OK, now the project is done and ready to deliver. I have delivered it in my truck, had the customer pick it up, I've taken it to the craft show and watch it disappear down the aisle with a customer (I've even taken iit straight to the burn barrel), but what I haven't done is set up a shipping department. Let's talk about organizing ideas, when to ship USPS, UPS LTL, insurance, etc., etc.

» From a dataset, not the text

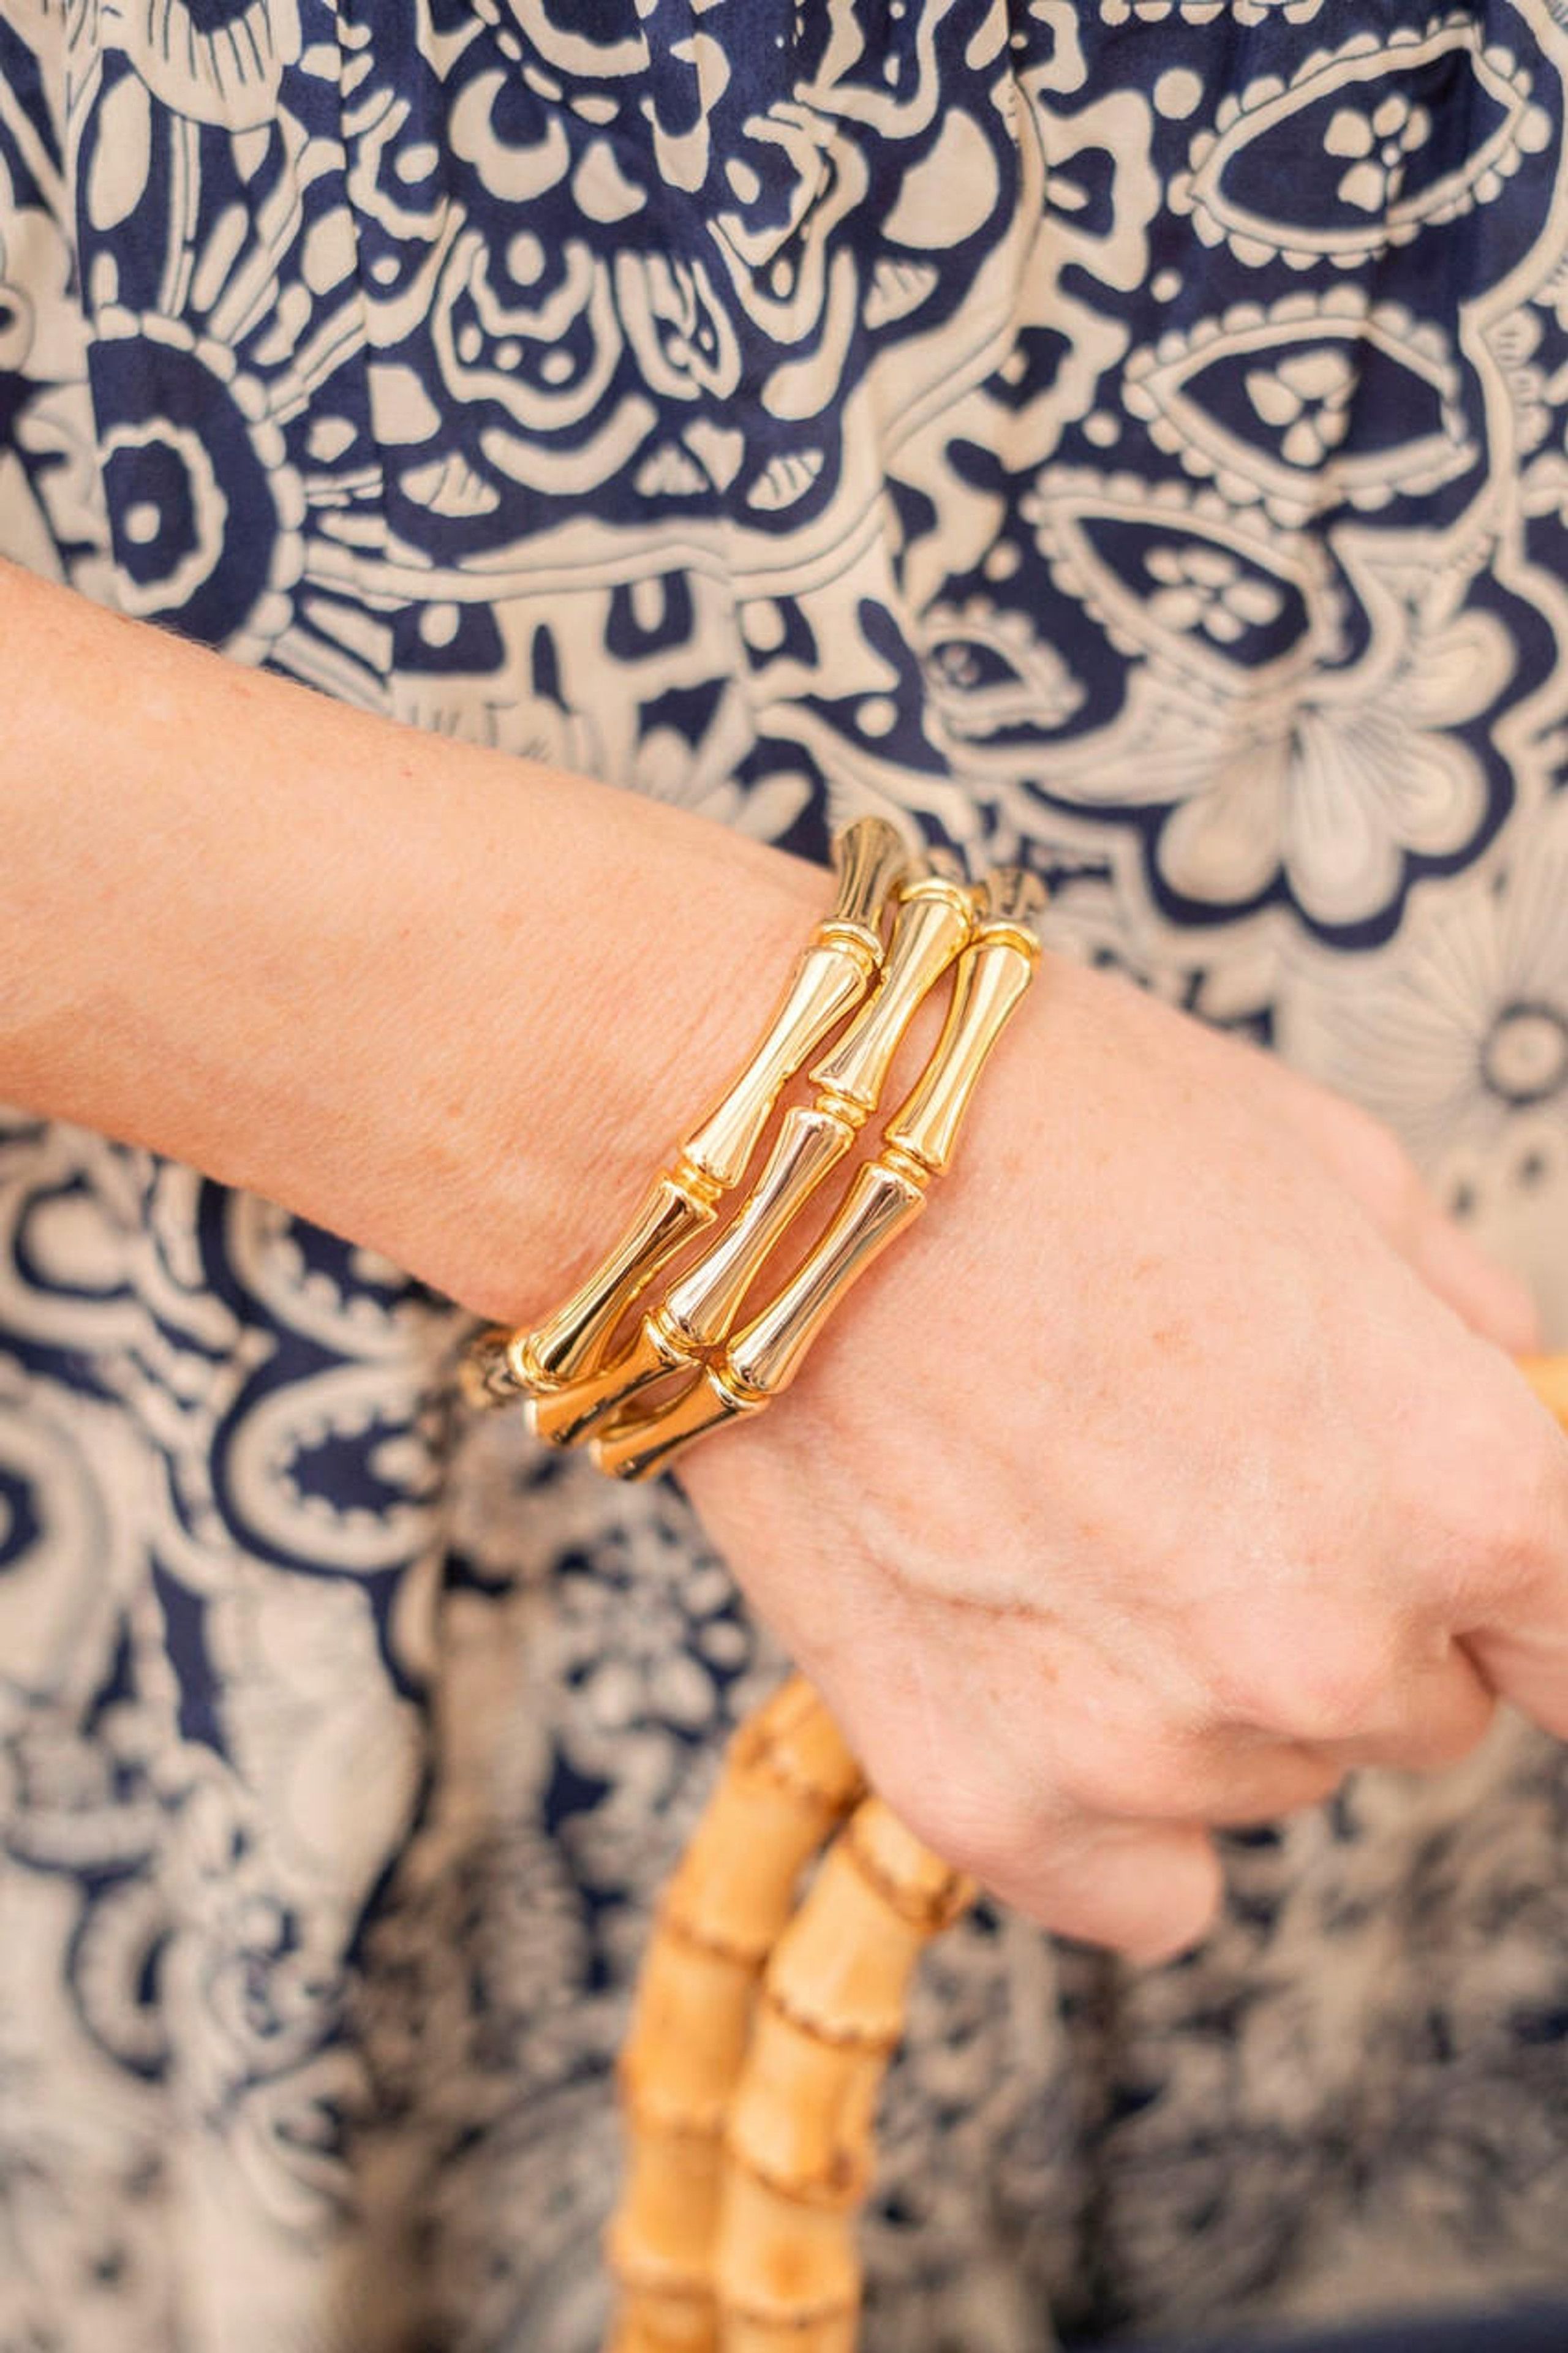 Lucy - 3 Gold Bracelet Stack - Bamboo Acrylic | Lisi Lerch Inc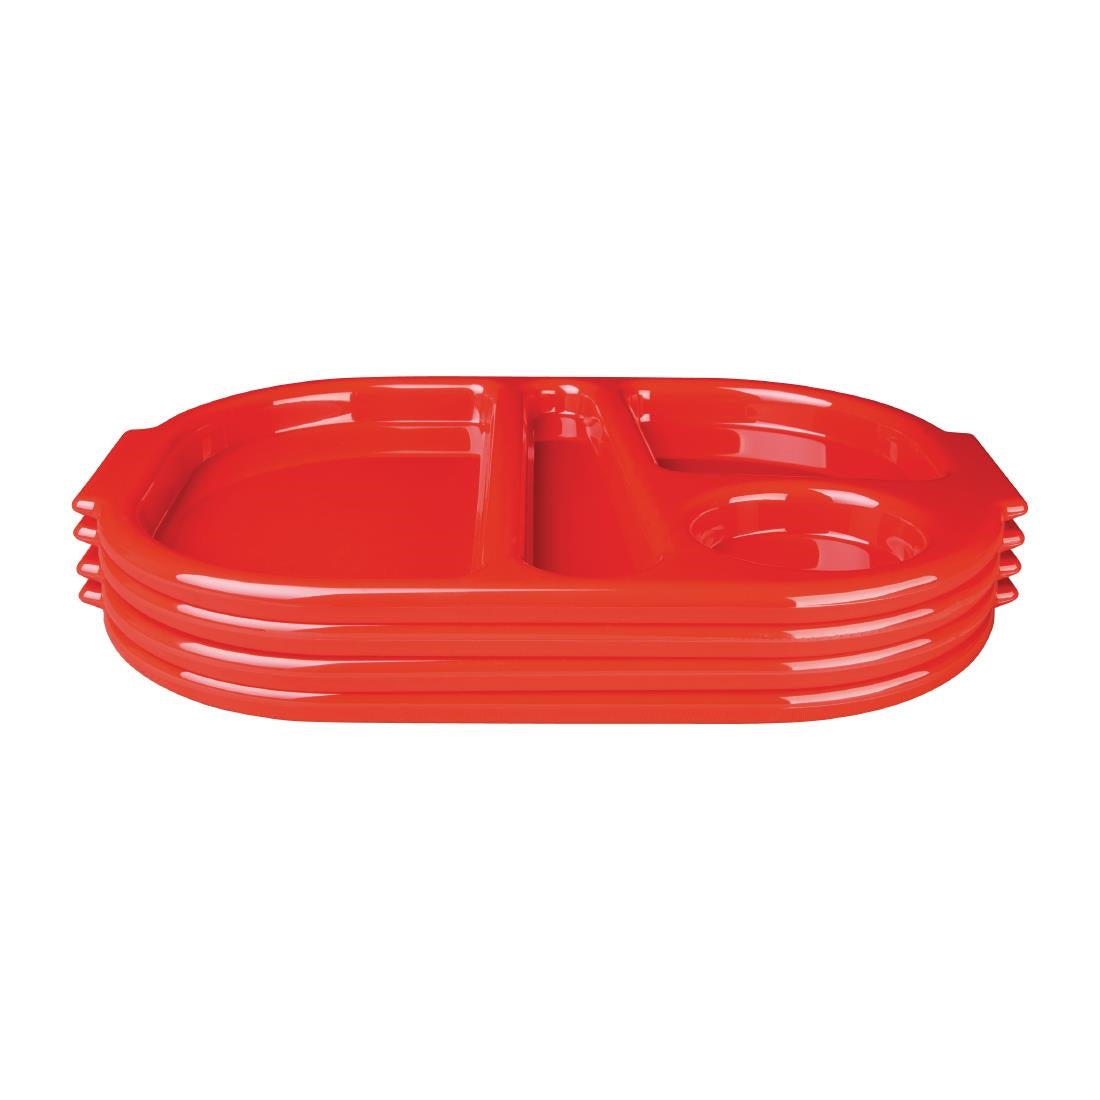 DL126 Kristallon Small Polycarbonate Compartment Food Trays Red 322mm JD Catering Equipment Solutions Ltd

what do we watch for and what should we avoid?

russv


----------



## TreeBones (May 21, 2007)

russv,
It might be just trial and error to find what works best for you. Over the years I have found that if you can send it through the mail (USPS) that this is the most reliable and cost effective. Fed ex is next on the price scale but can be unreliable and I have had customers complain. UPS is very good but a little more expensive, especially if you open an account. For the very large and heavy items I use freightquote.com they always find the lowest price.

Good Luck


----------



## TopamaxSurvivor (May 2, 2008)

UPS drops at the door and runs. If you require a signature, they don't care. still drop and run!! :-(


----------



## gerrym526 (Dec 22, 2007)

I agree with Topamax-wouldn't even include UPS on the list. If you're shipping books or clothes (think Amazon and Lands End) they're OK. However, if you're shipping something you don't want broken forget it! They're animals and will destroy anything that isnt' packed so that a tank can run over it!
Amazon.com's Tool Crib formerly used UPS, but now ships heavier tools via Fed Ex, USPS will work for items less heavy. I've also shipped furniture pieces across the country using trucking services (Yellow/Freightway, etc.). It's not cheap, but if the piece is crated properly, they'll handle it properly.
My two cents on this.


----------



## russv (Sep 21, 2009)

so what do you guys use for packing? where do you get your boxes?

russv


----------



## Innovator (Jan 20, 2009)

I use UPS and USPS to ship, the important thing is to paskage it properly. No movement inside of the box. Use popcorn or bubble wrap if possible, sometimes newspaper is ok. I get my supplies locally but there is a company that I used to get them from called Uline, here is a link to them:

http://www.uline.com/

I hope this helps


----------